§ THE PROBLEM:
Begin at the line below that holds "ドアにあしらう木を仮置きして" and end at the line that holds "Chelsea Brass/ Patinated", transcribing each line exactly and skipping any picture.

§ EXERCISE INPUT:
------------------------------------------------------------

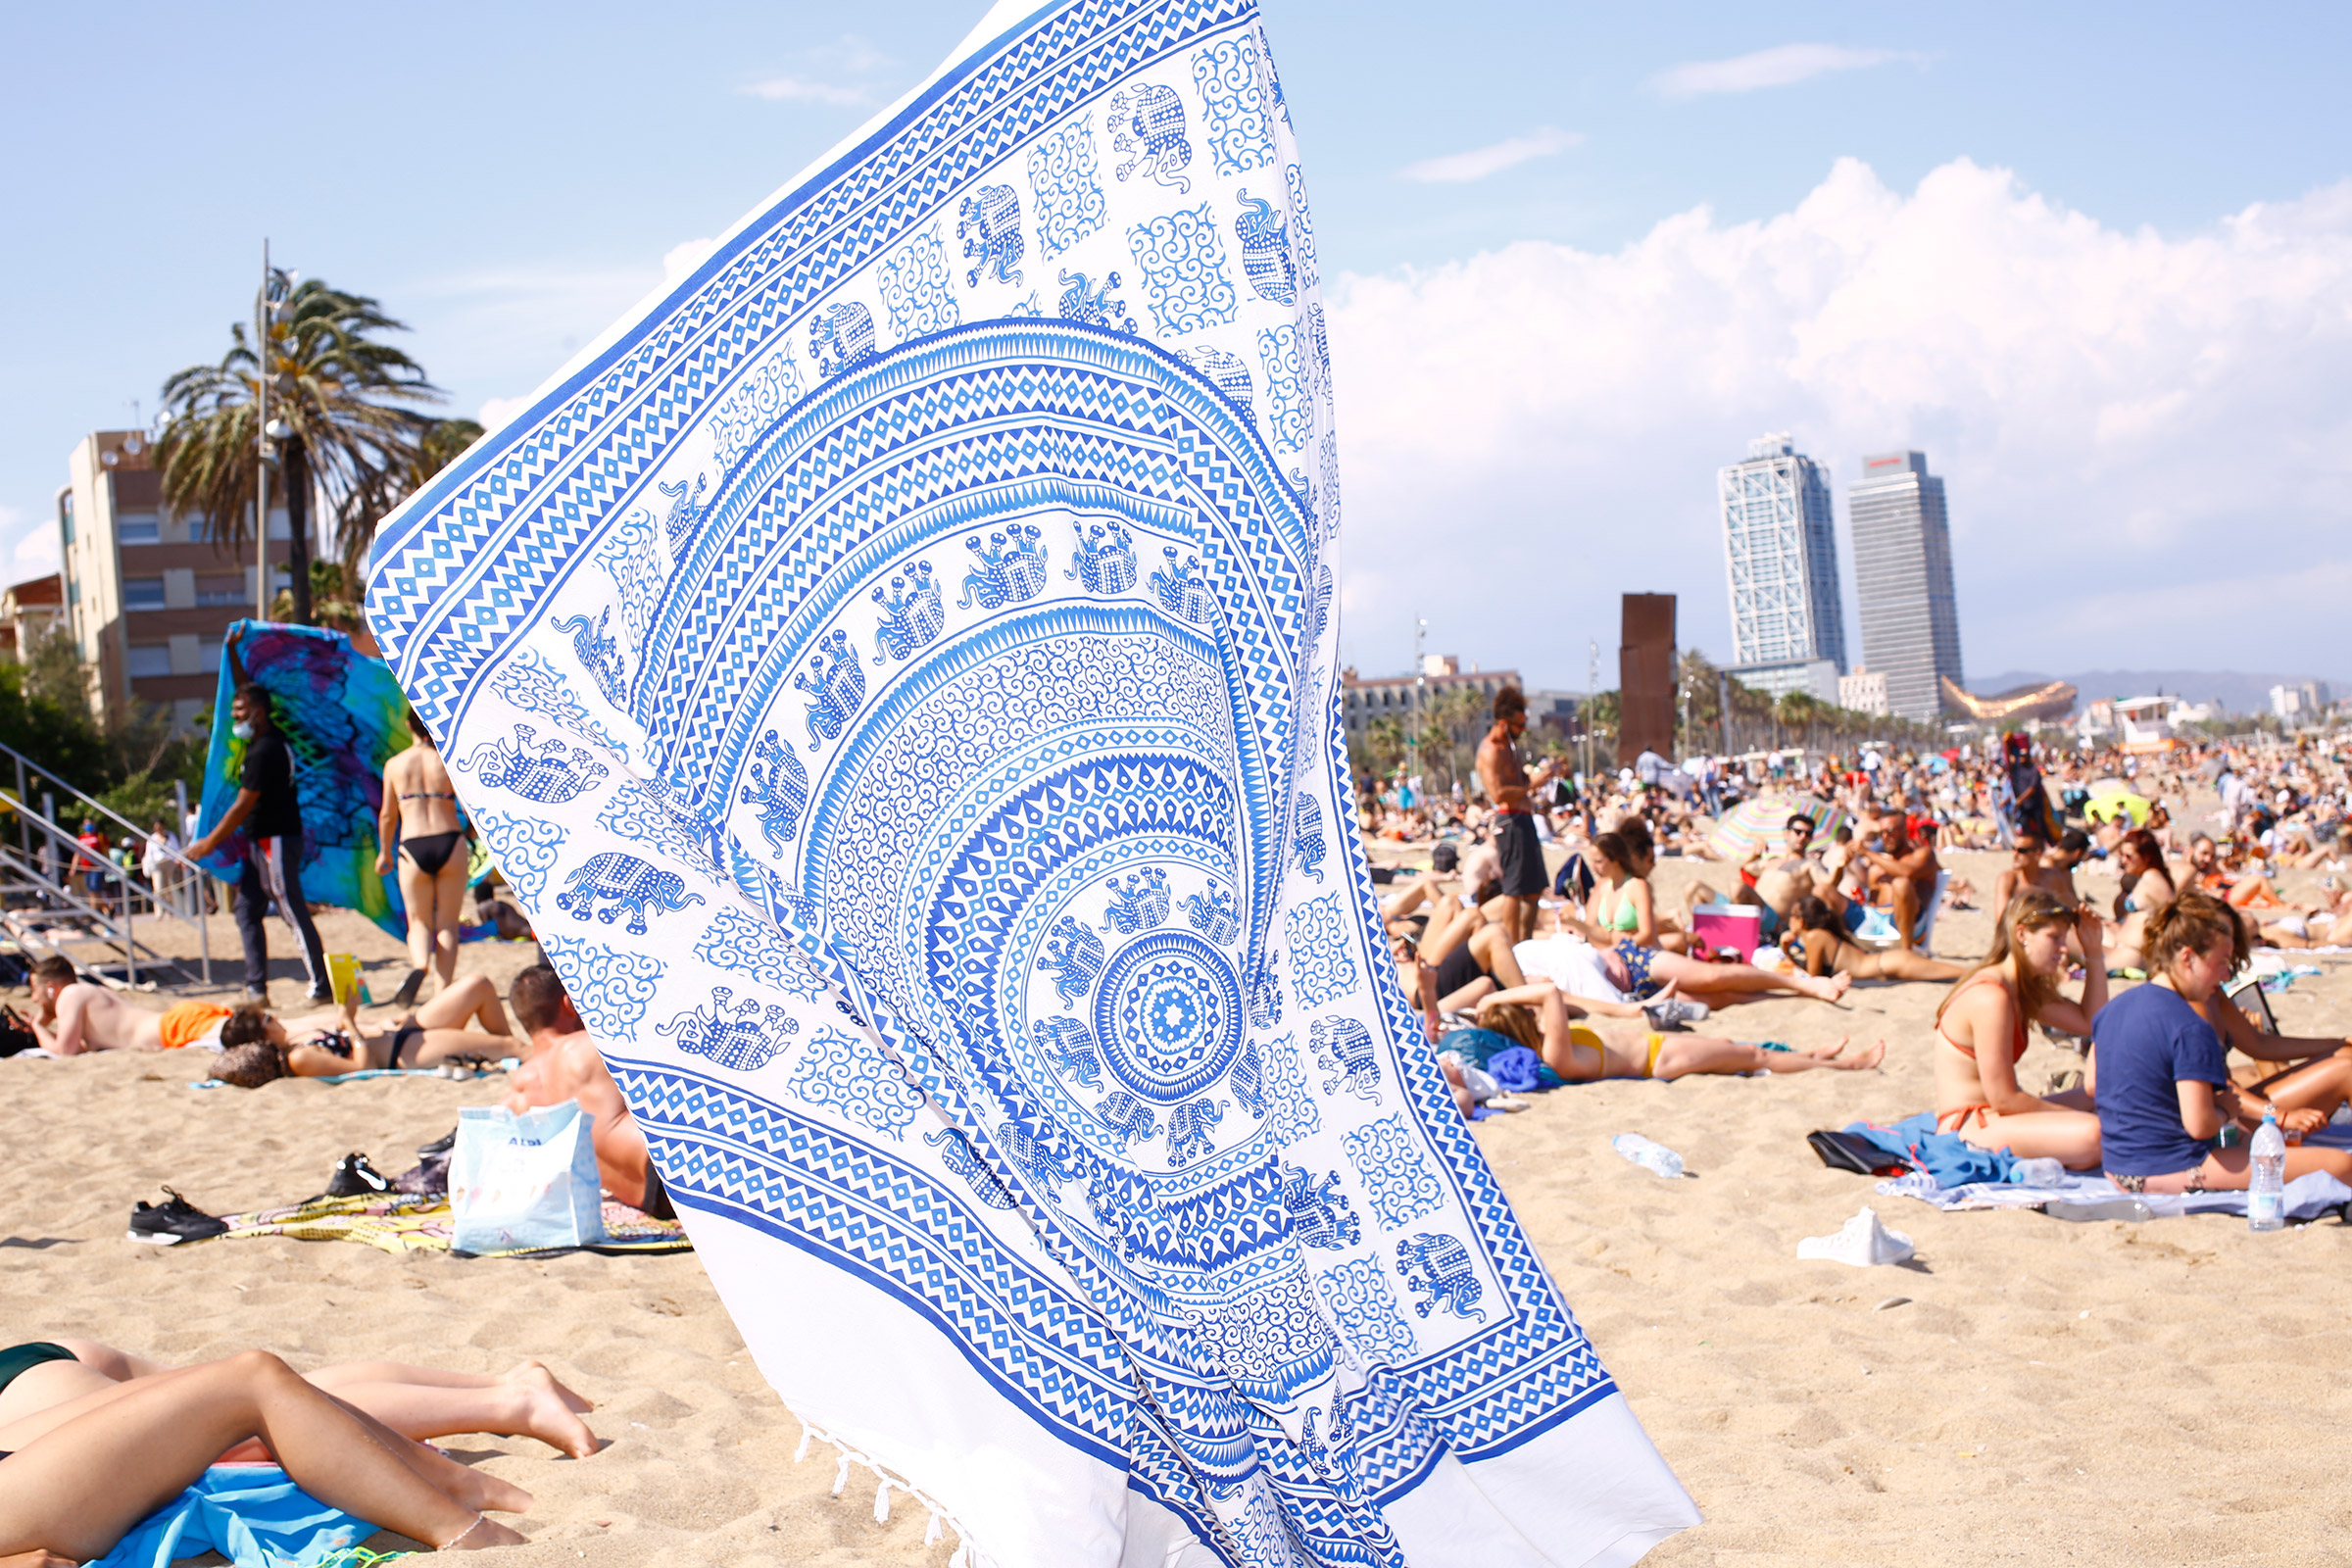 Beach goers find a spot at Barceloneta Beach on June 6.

------------------------------------------------------------

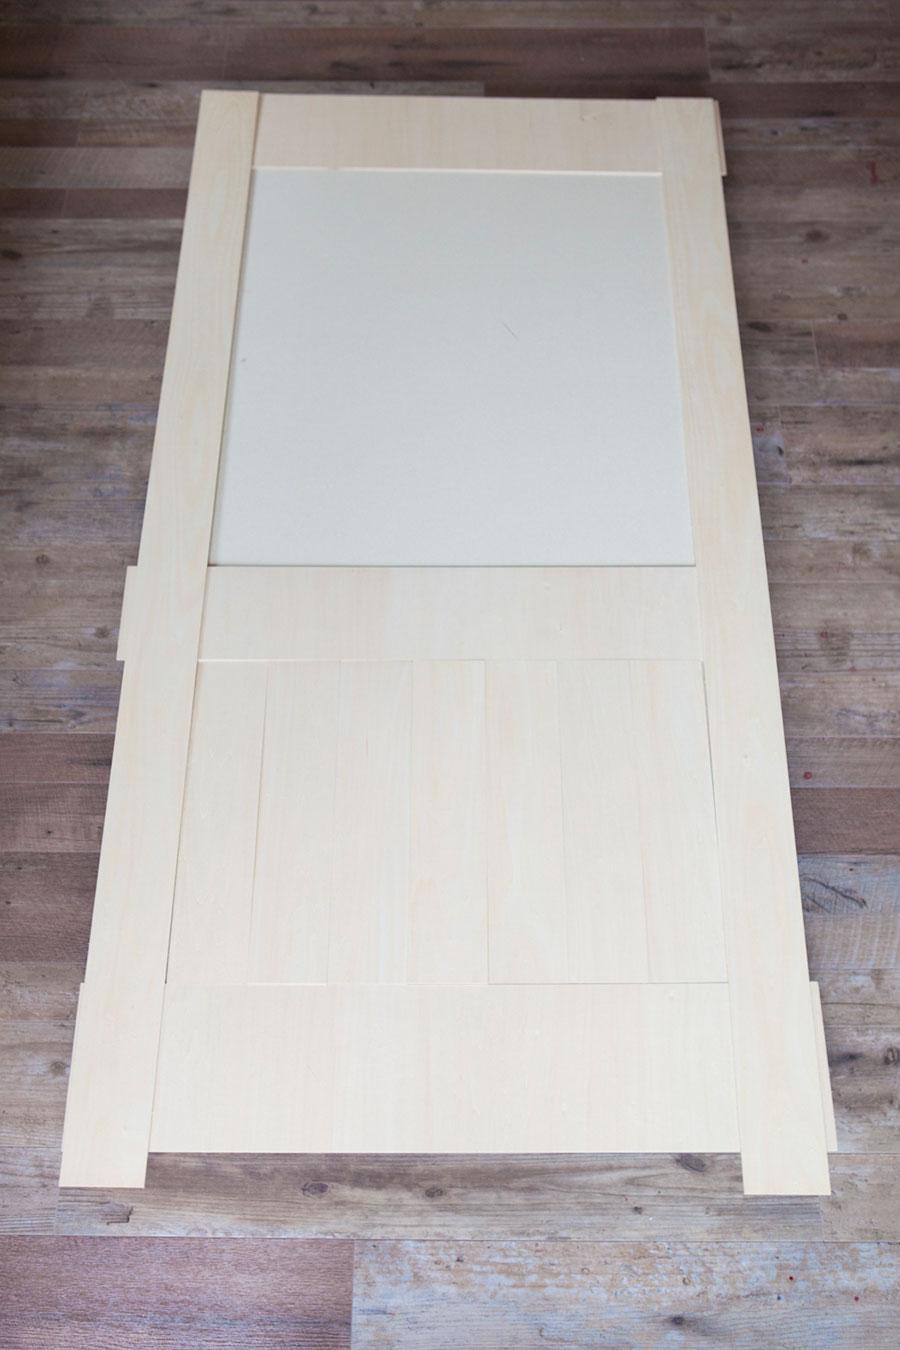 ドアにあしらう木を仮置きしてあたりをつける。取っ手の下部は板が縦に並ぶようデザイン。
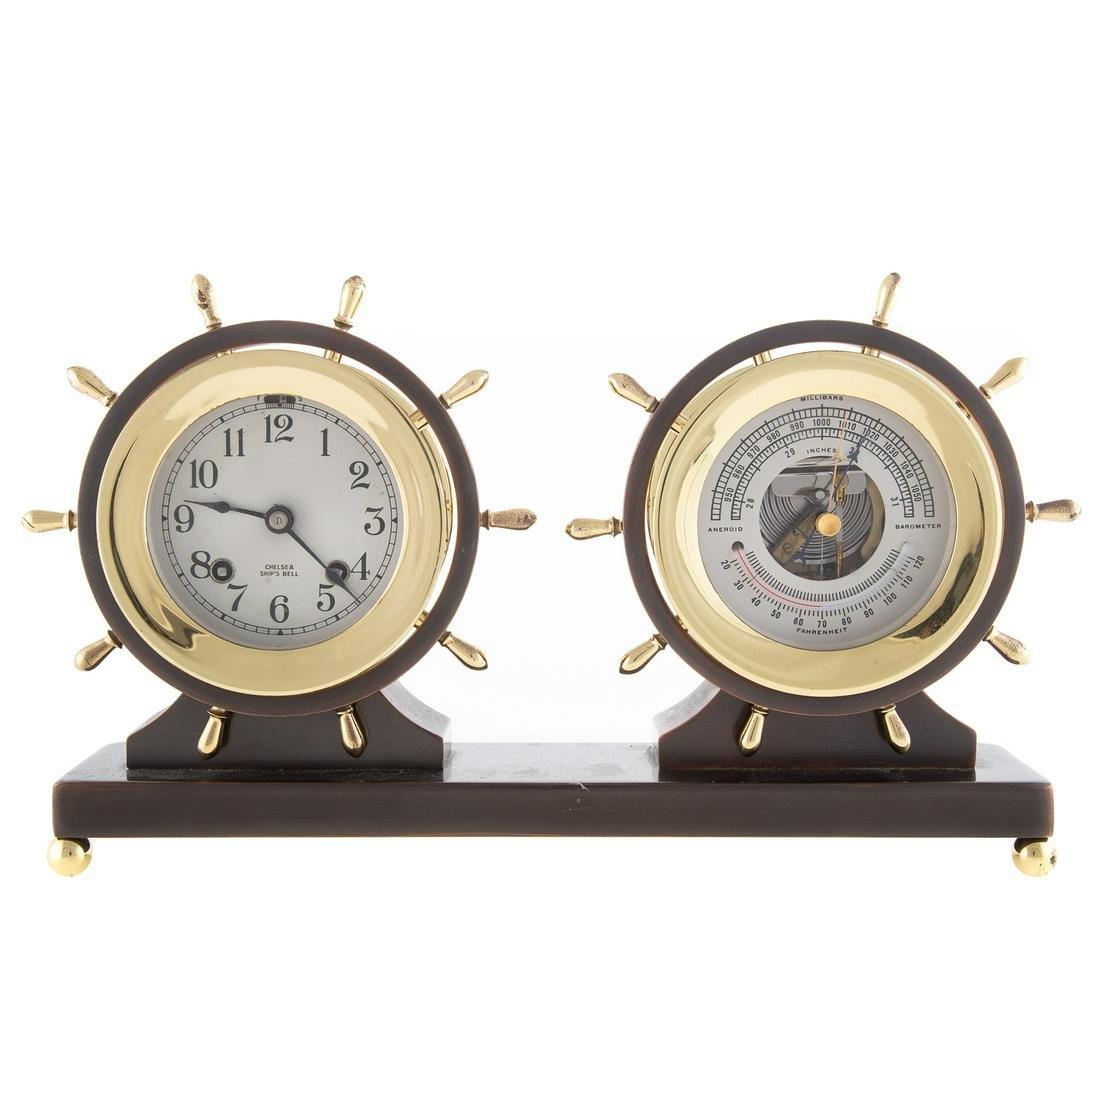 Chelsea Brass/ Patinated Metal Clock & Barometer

------------------------------------------------------------

§ COMPLETED TASK:
 ドアにあしらう木を仮置きしてあたりをつける。取っ手の下部は板が縦に並ぶようデザイン。
 Chelsea Brass/ Patinated Metal Clock & Barometer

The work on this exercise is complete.